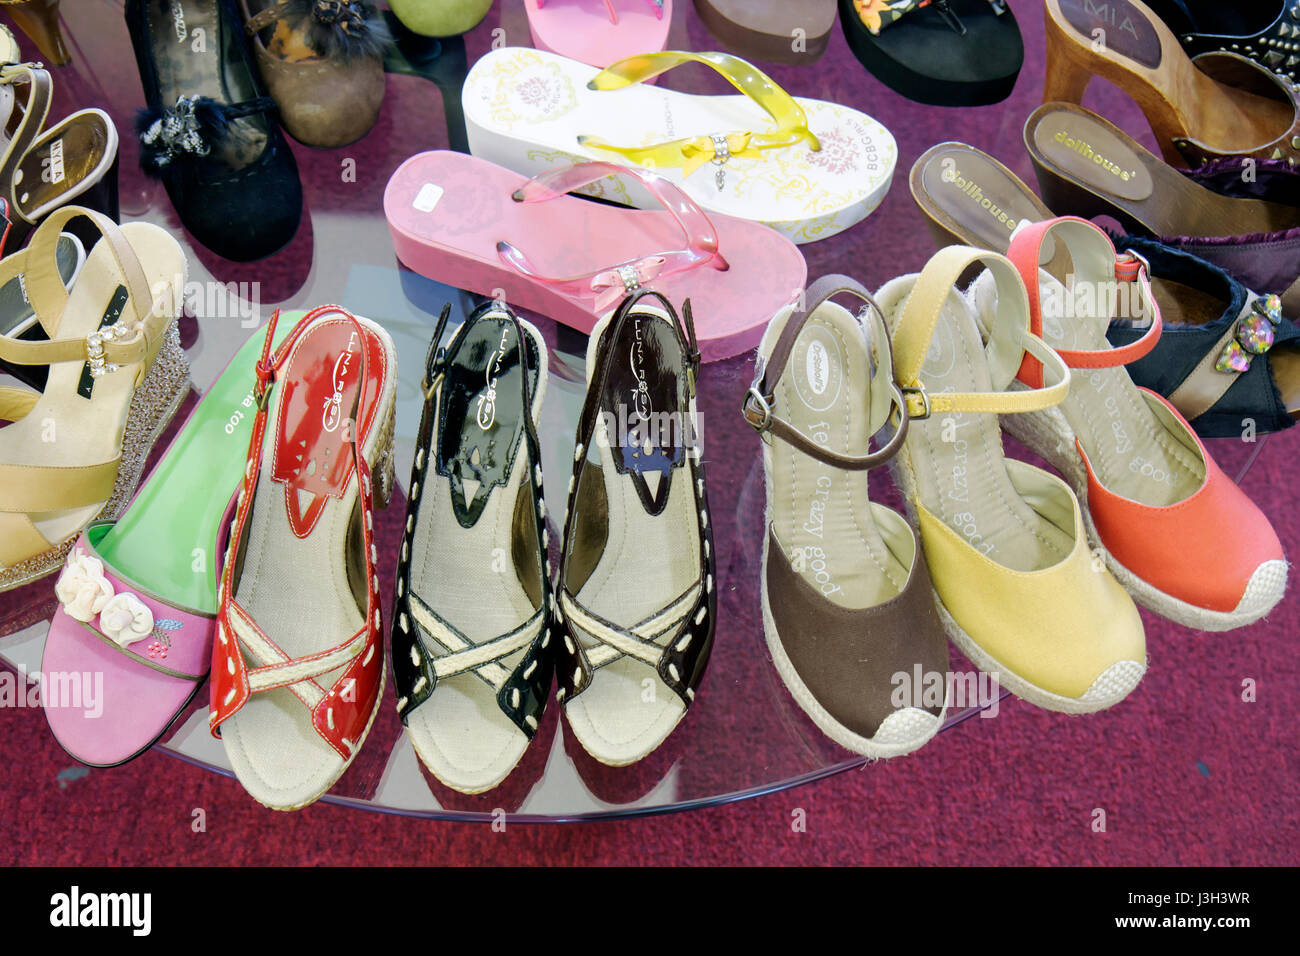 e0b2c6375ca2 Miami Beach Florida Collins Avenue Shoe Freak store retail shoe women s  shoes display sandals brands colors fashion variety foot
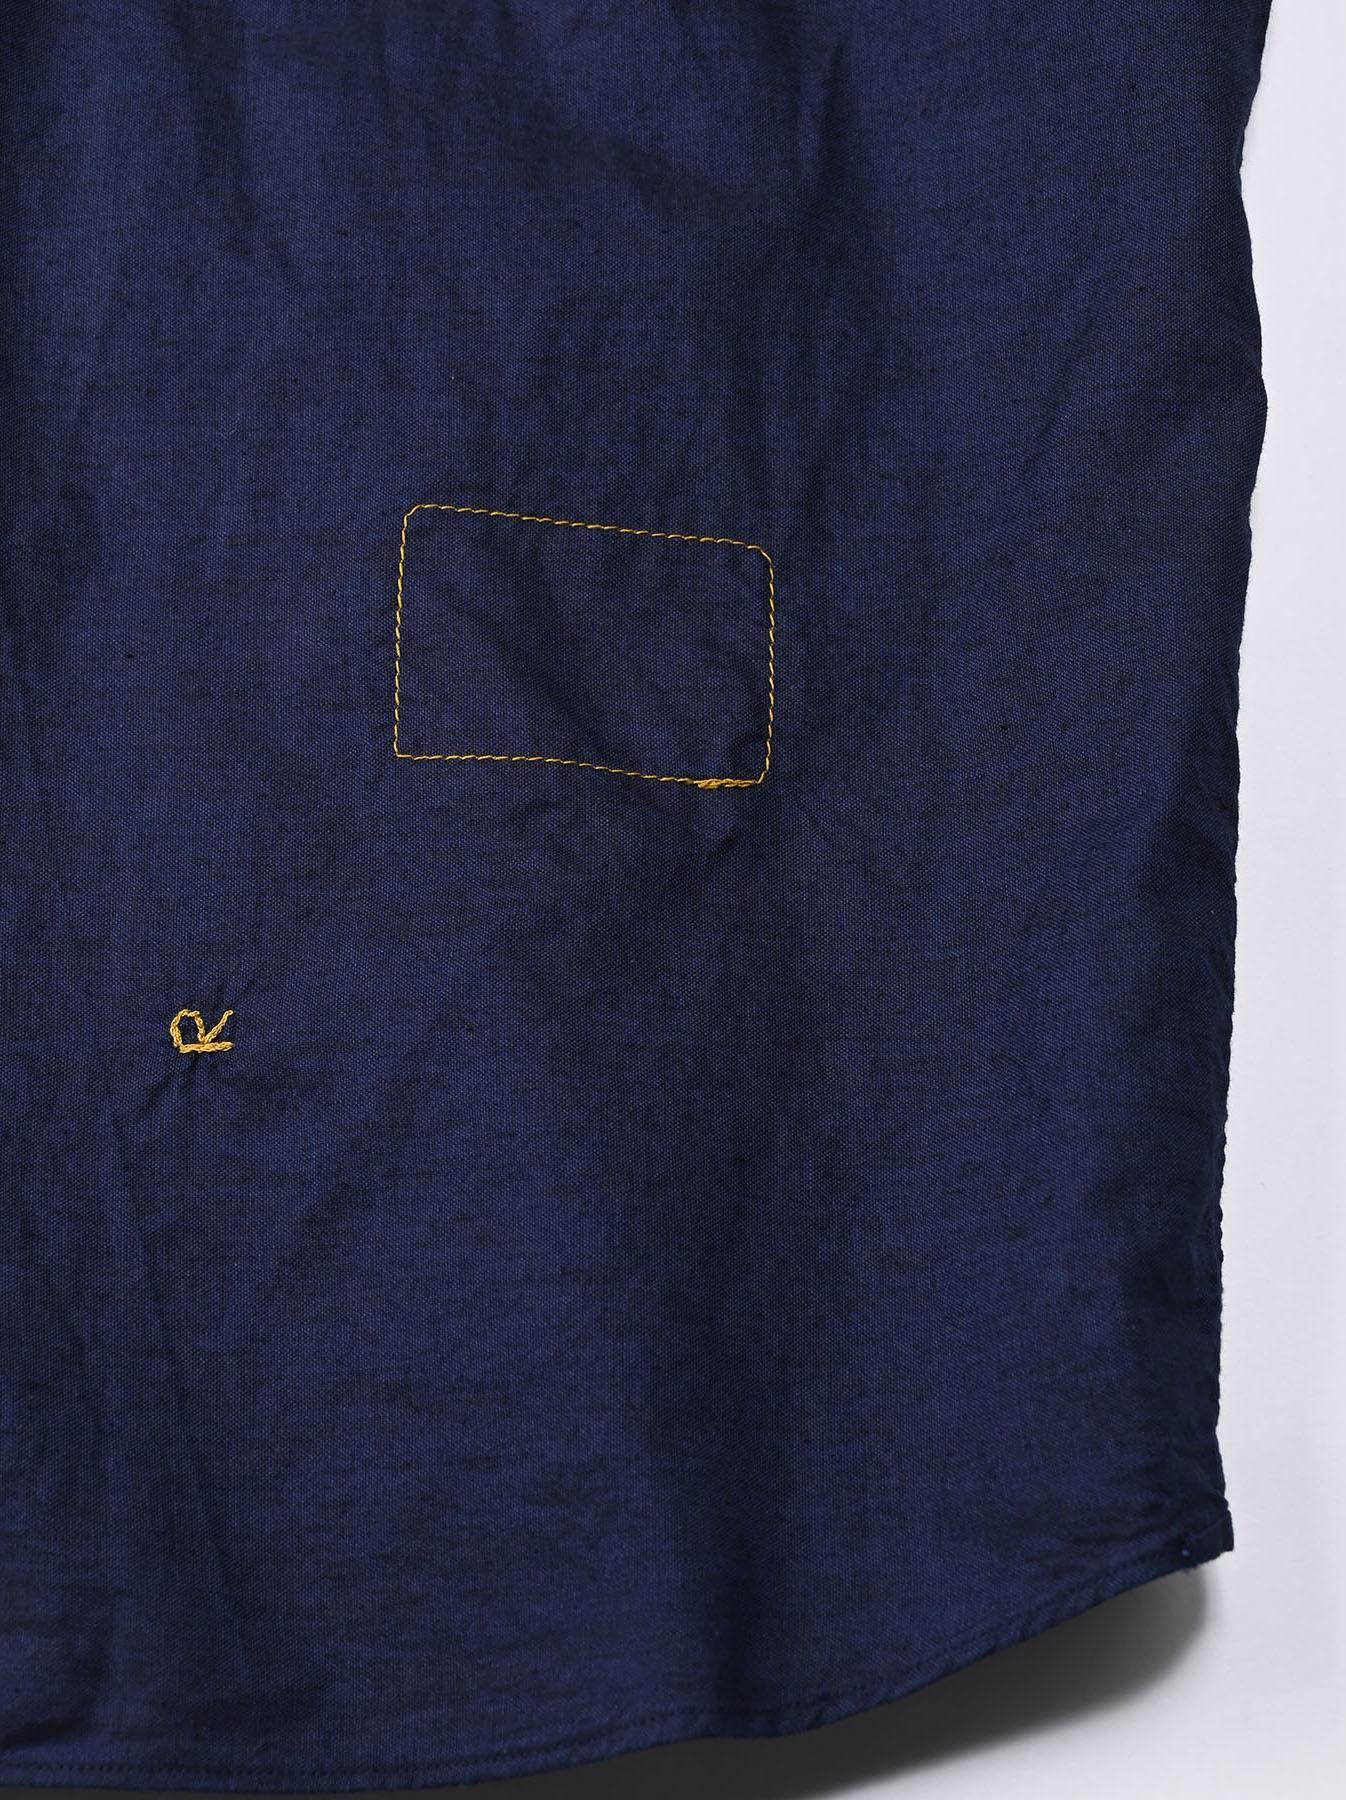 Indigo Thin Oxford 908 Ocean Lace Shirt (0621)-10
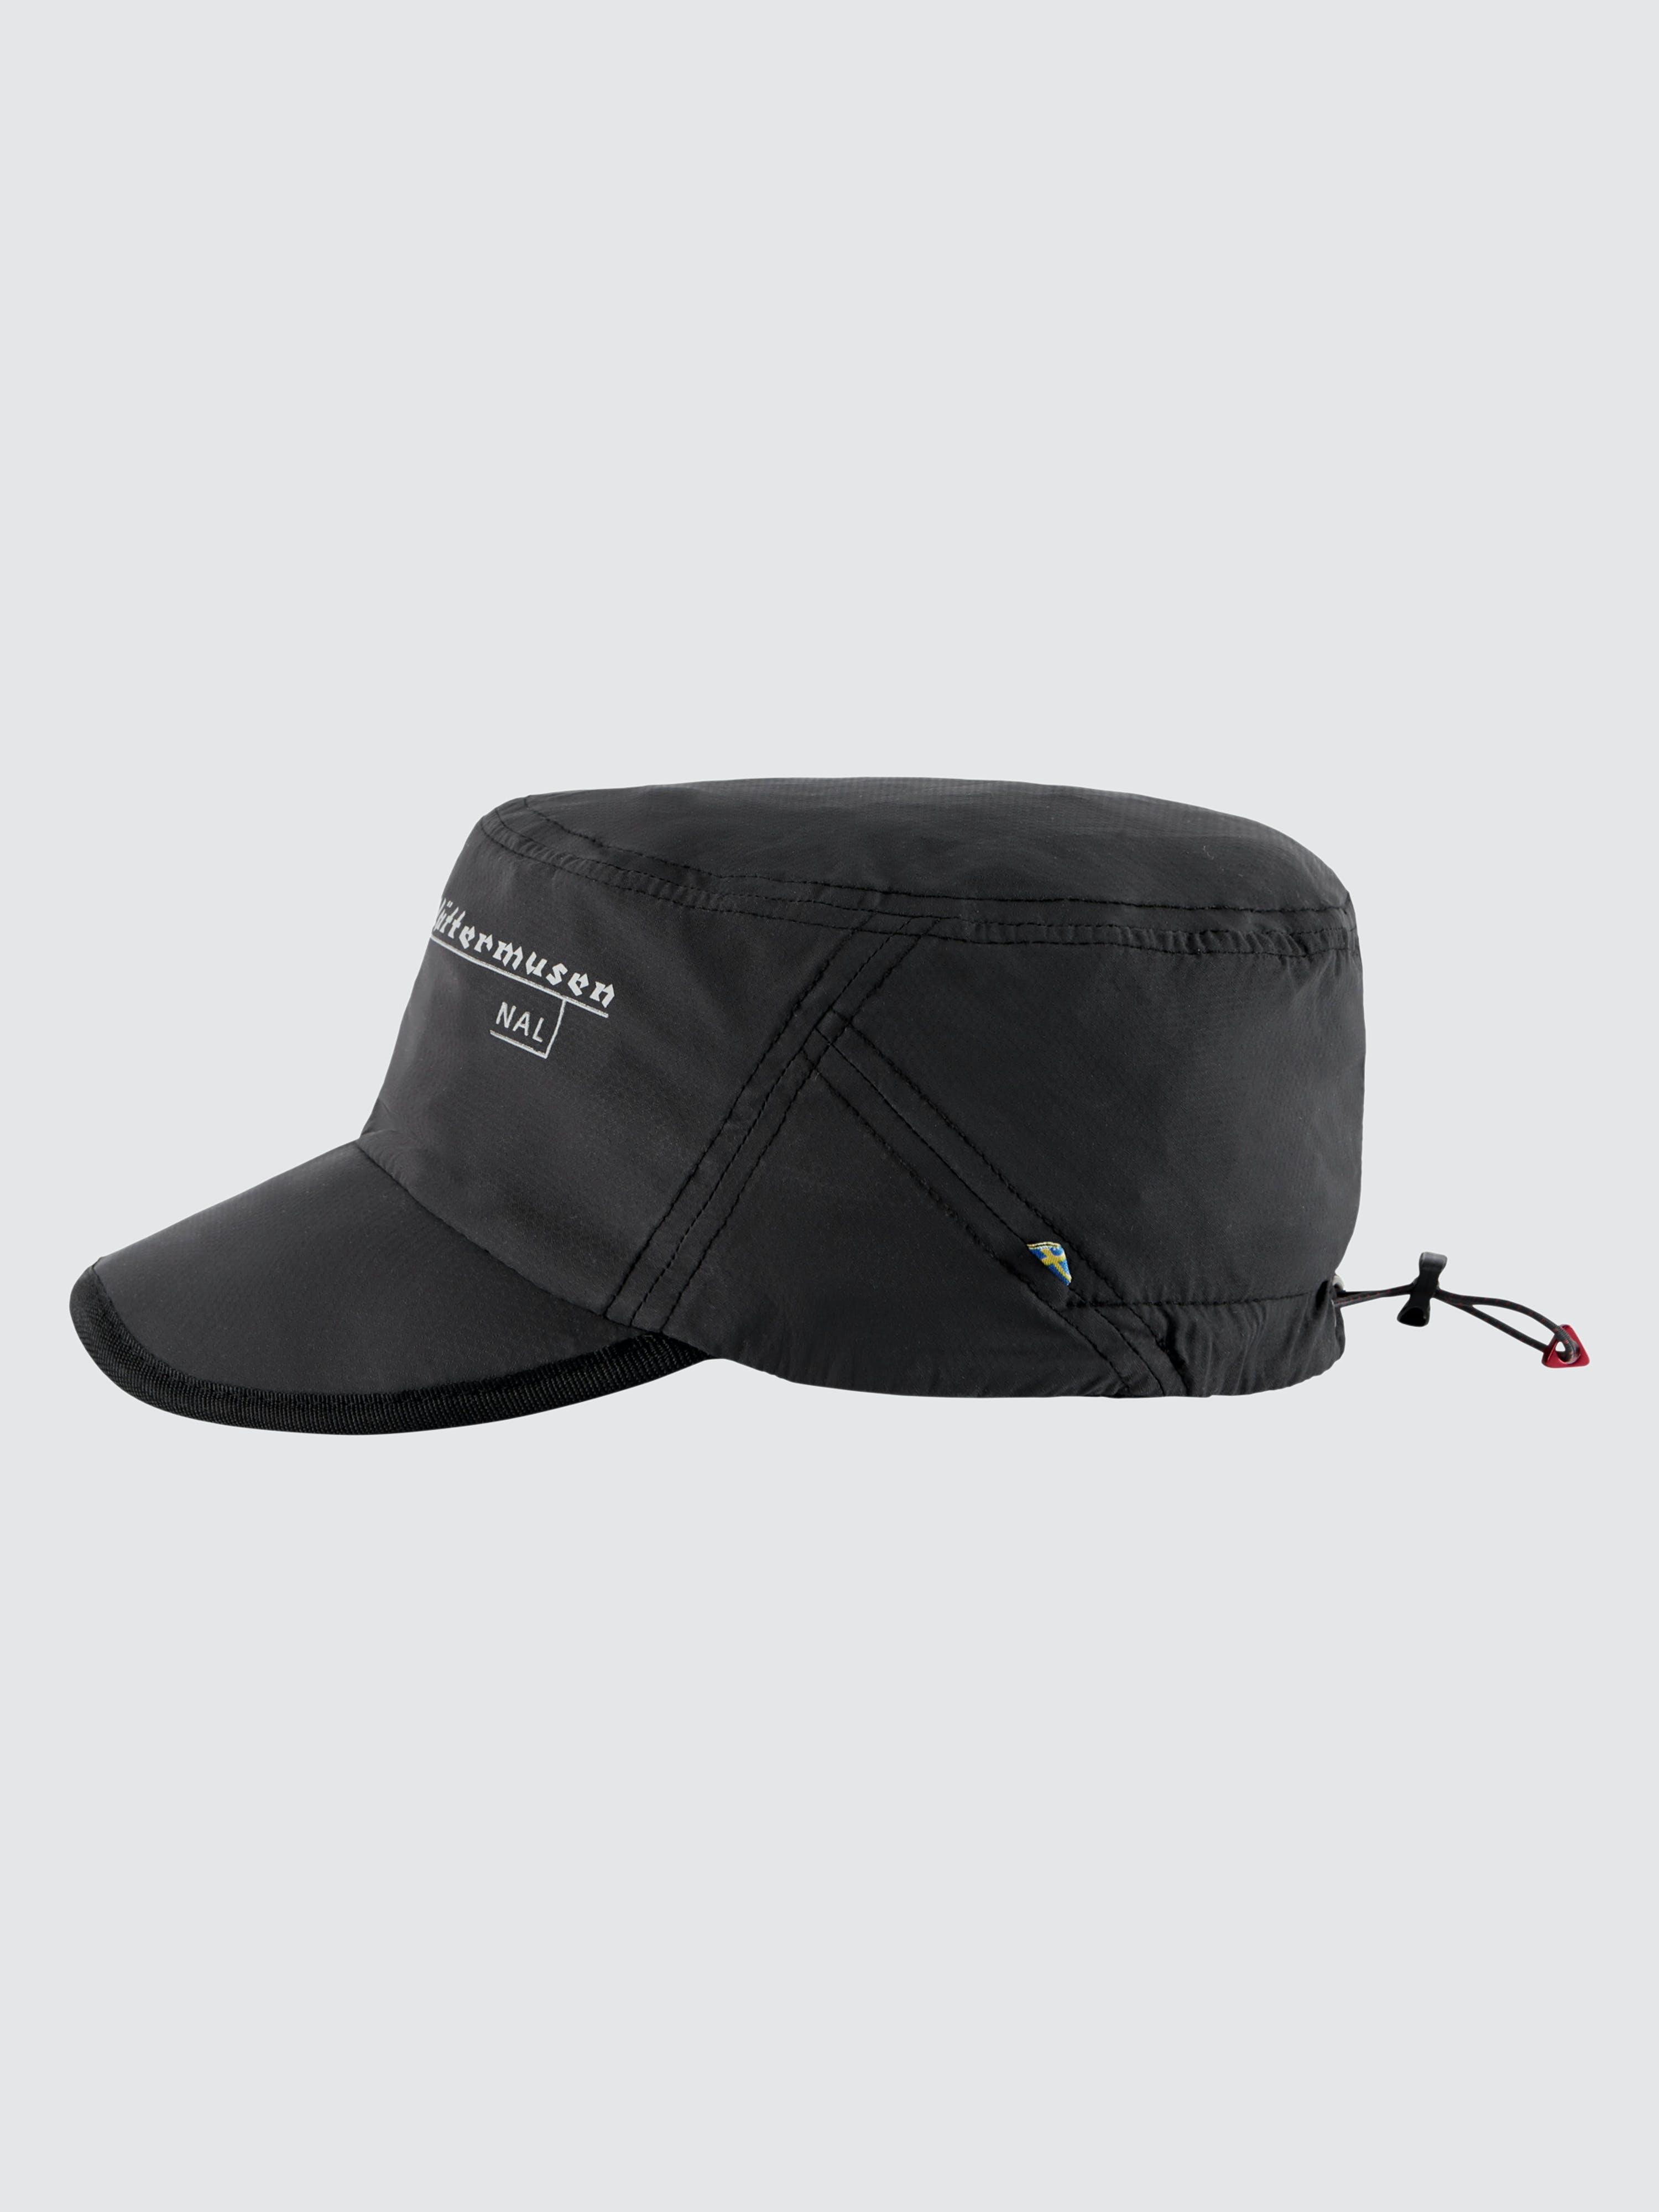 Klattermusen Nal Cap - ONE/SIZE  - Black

══════════

:: Exercise goal ::
Reproduce the material exactly; keep pictures out.

:: Written solution ::
 e0b2c6375ca2 Miami Beach Florida Collins Avenue Shoe Freak store retail shoe women s  shoes display sandals brands colors fashion variety foot
 Indigo Thin Oxford 908 Ocean Lace Shirt (0621)-10
 Klattermusen Nal Cap - ONE/SIZE  - Black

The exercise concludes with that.